California is one of only a few states with media-access laws. Two other states with codified access laws are Ohio and Virginia. These laws let the media venture beyond where the public is allowed to go at crime and disaster scenes, although they cannot interfere with responders or disturb potential evidence. In most other states, the media can be prevented from going places and doing things beyond what responders prevent the public from accessing. One main reason for denying access is safety.
The first responsibility of responders is to protect life. Historically, members of the media have chosen to give up that protection to cover a story. Therein lies the conundrum for responders. “Life safety first” is what the responders’ oath usually includes, but what do they do when people – i.e., the media – are willing to place themselves in harm’s way to get a story?
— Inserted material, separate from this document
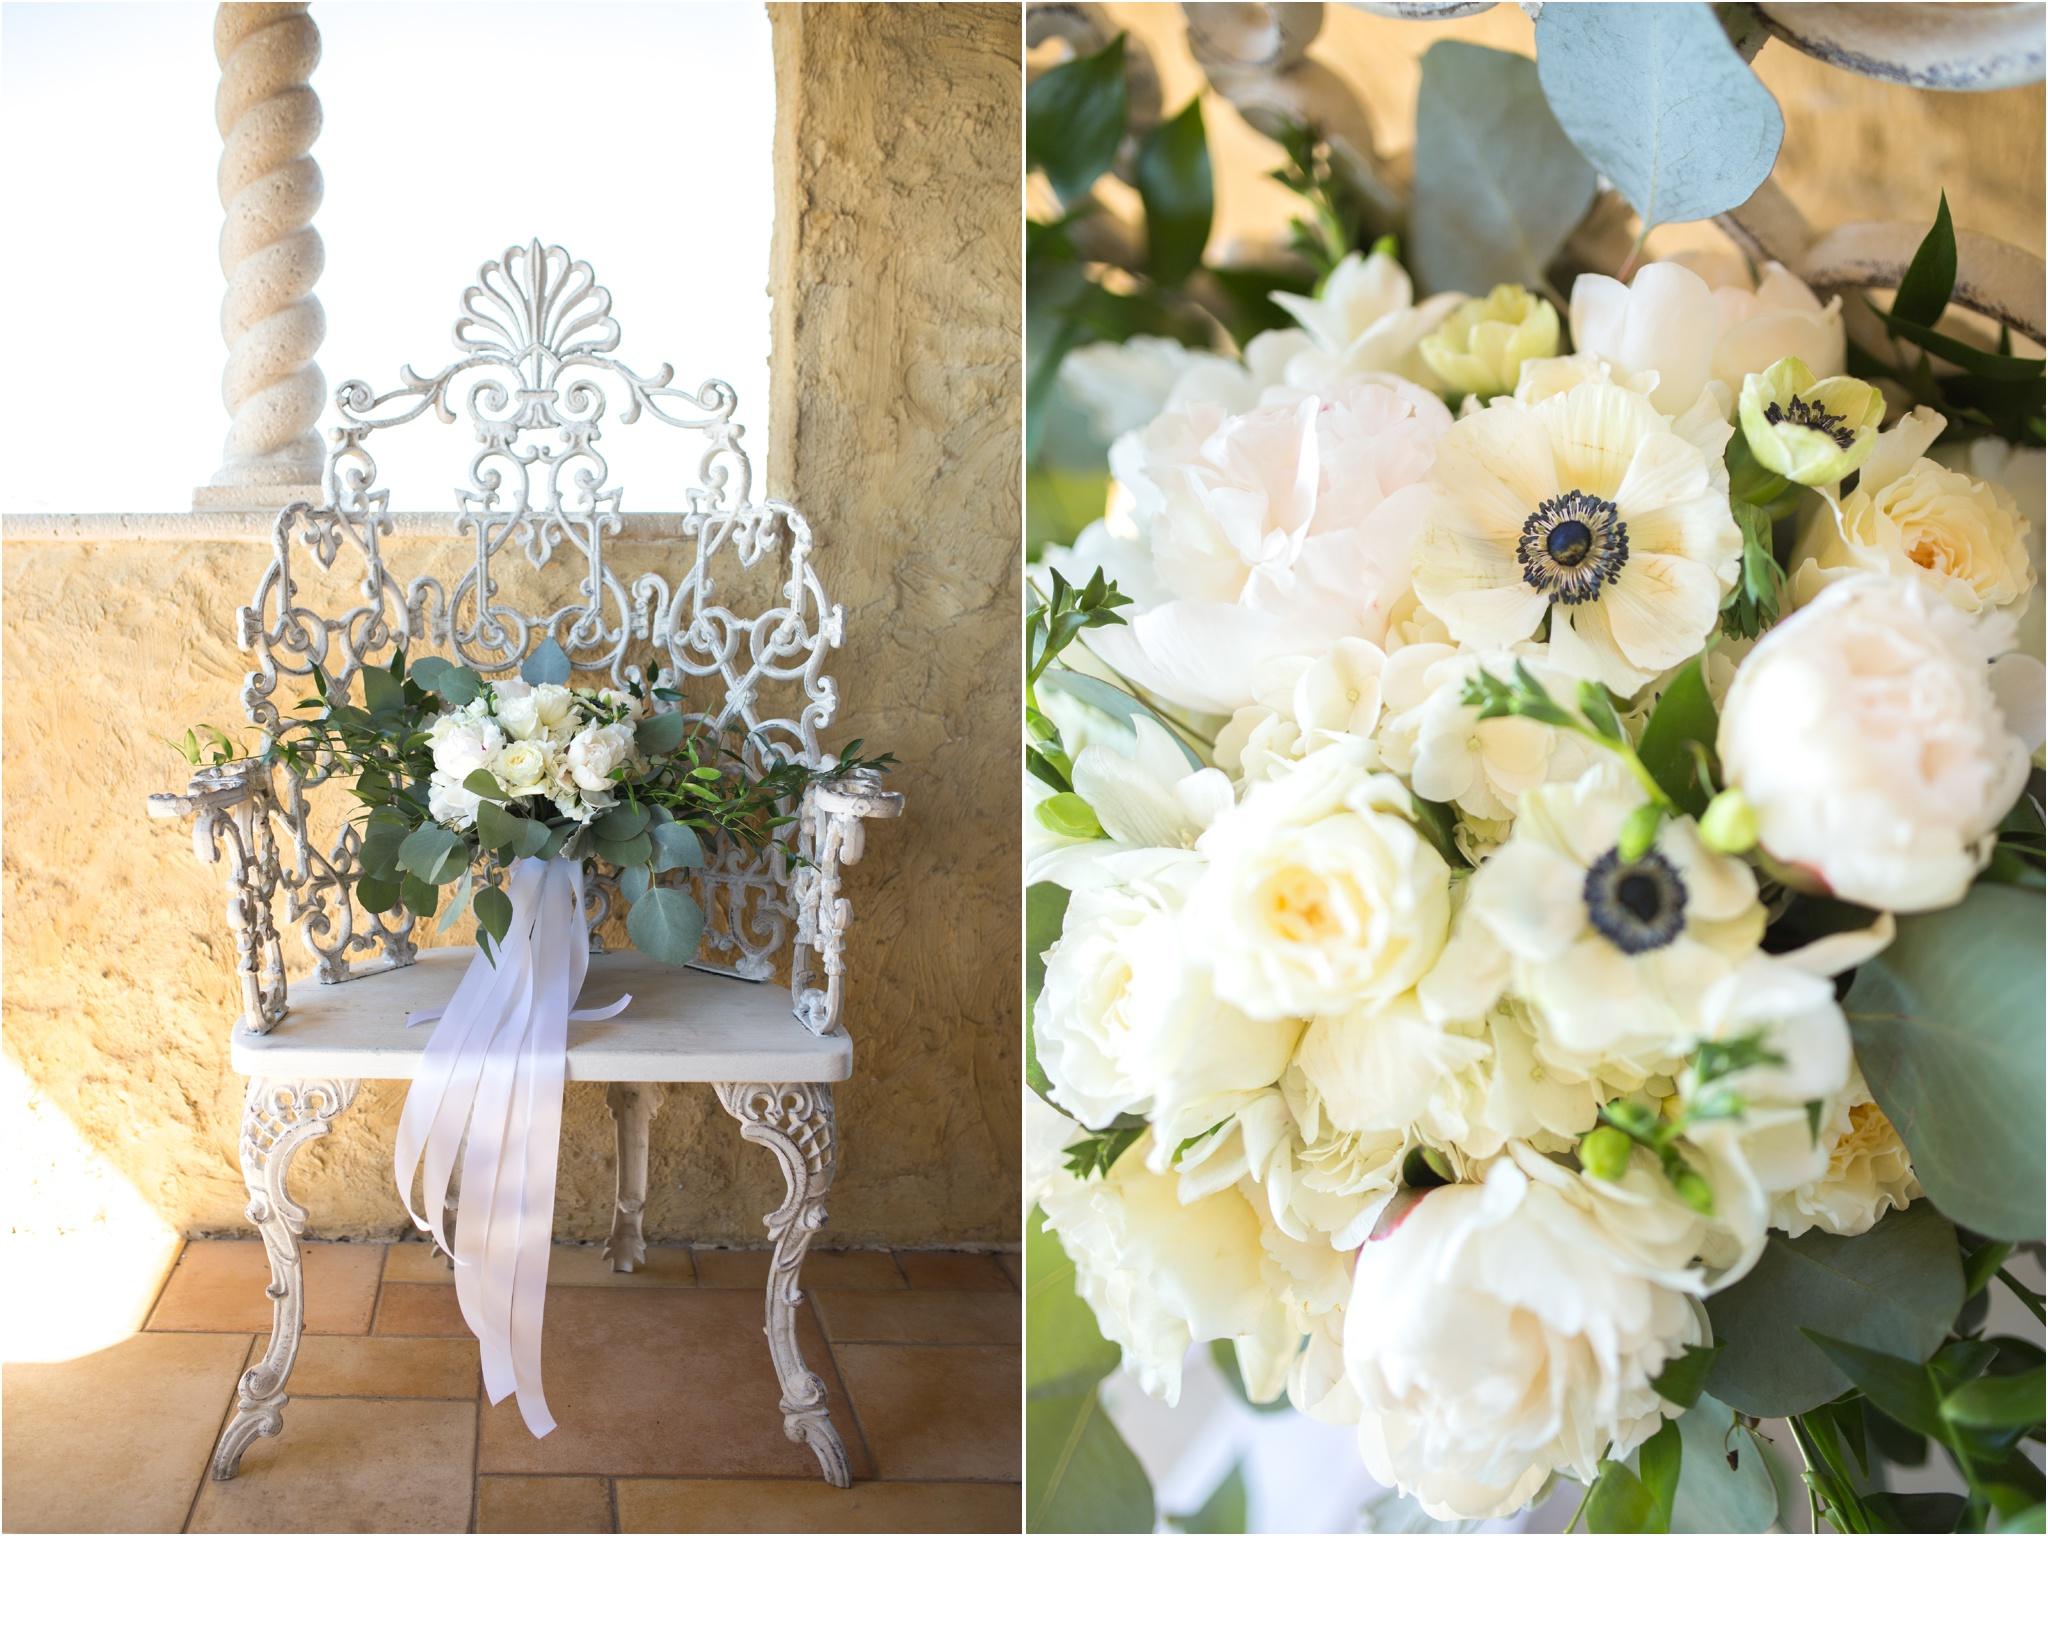 Rainey_Gregg_Photography_St._Simons_Island_Georgia_California_Wedding_Portrait_Photography_0631.jpg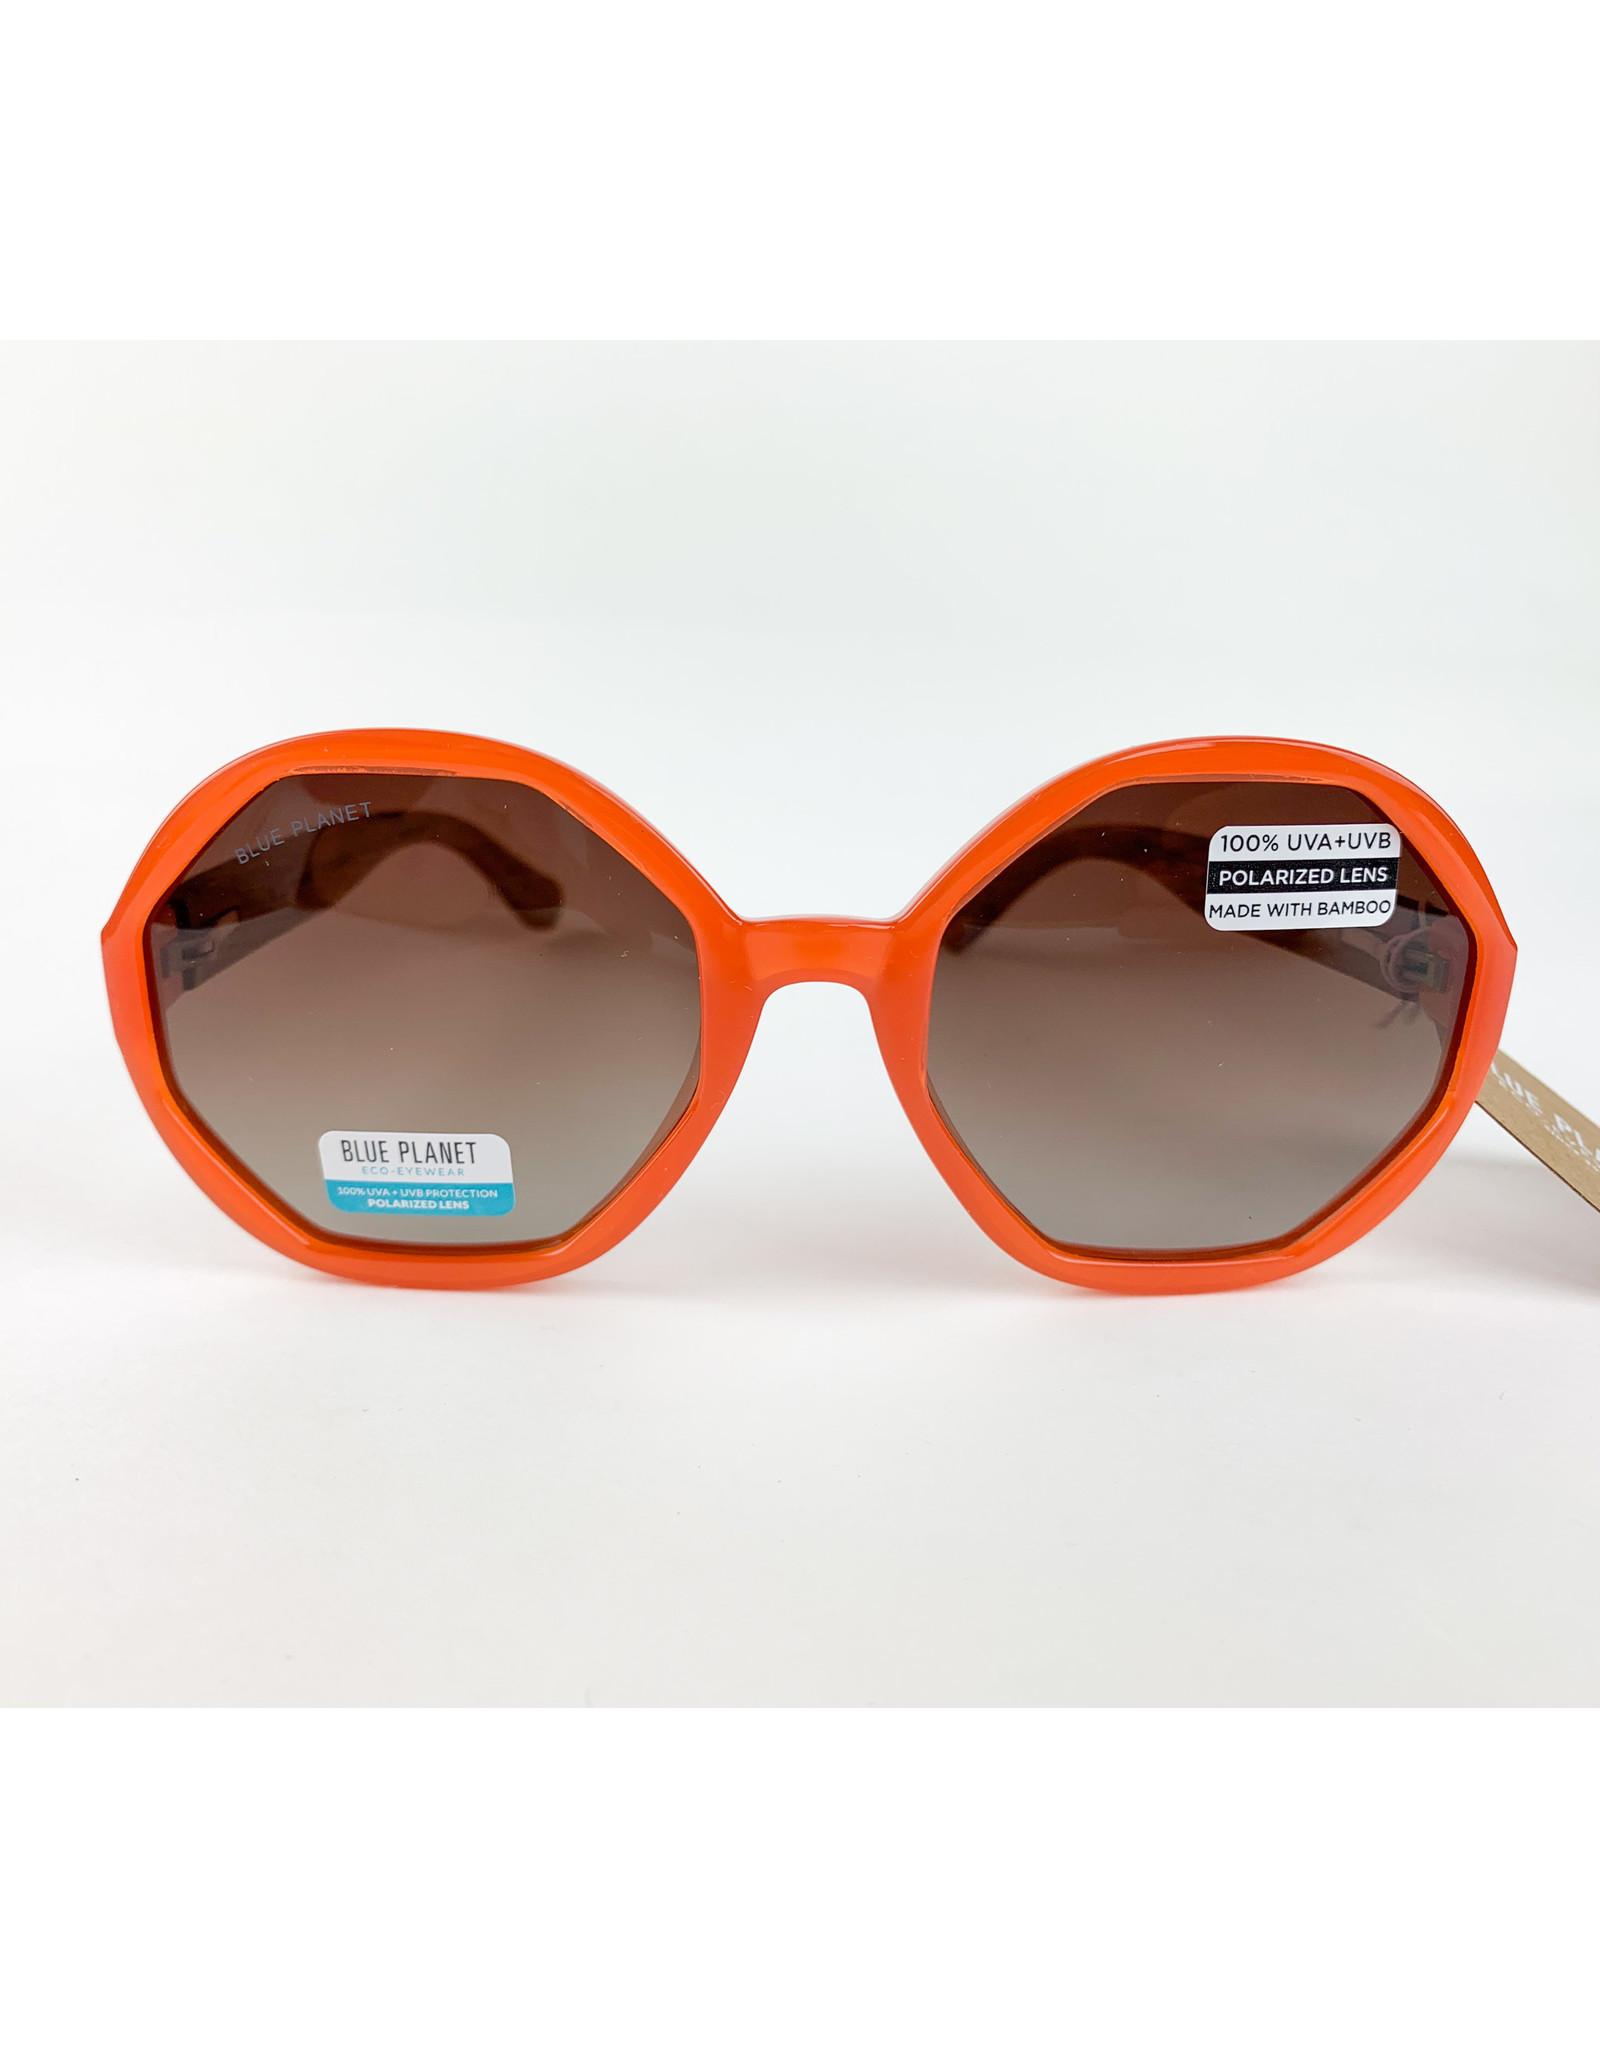 Blue Planet Sunglasses Donna Tangerine

Who is responsible for the media when they are in harm’s way? Is it responders? If reporters are given access and are injured, killed or need rescue, can responders be held liable for allowing the access in the first place? For states like California, Ohio and Virginia the solution was seemingly straightforward: Give the media access to crime and disaster scenes, but make certain they do so at their own risk, thereby removing safety as a mitigating factor for preventing access.
California has a large amount of wildlands and forests. Along with that comes fire, which is part of the natural environment. To cover fires that can at times grow into raging conflagrations, the media believe they need to go “beyond the tape” to record such drama as firefighters in action, property destruction and the aerial efforts of firefighting aircraft. It is natural for people who swear an oath to protect life and property to be concerned about the safety of the media.
Firefighters train regularly to safely fight wildland fires. The concern was how to provide safety training for the media, particularly in California, where the media sometimes arrive at the fire the same time as firefighters. For many years, fire departments would have media fire safety days at their headquarters or training facilities. I remember as a member of the media in the late 1980s attending such an event at the then-CDF (California Department of Forestry and Fire Protection) Academy in Ione. Media members participated in firefighting situations, with live fire, guided by the academy training staff.
When I became the CAL FIRE San Bernardino Unit information officer, I helped set up such safety events. It was a good way to get a story about CAL FIRE and fire safety on the air or in the newspapers, but it didn’t provide fire safety training for more than the reporters and camera persons who attended the events.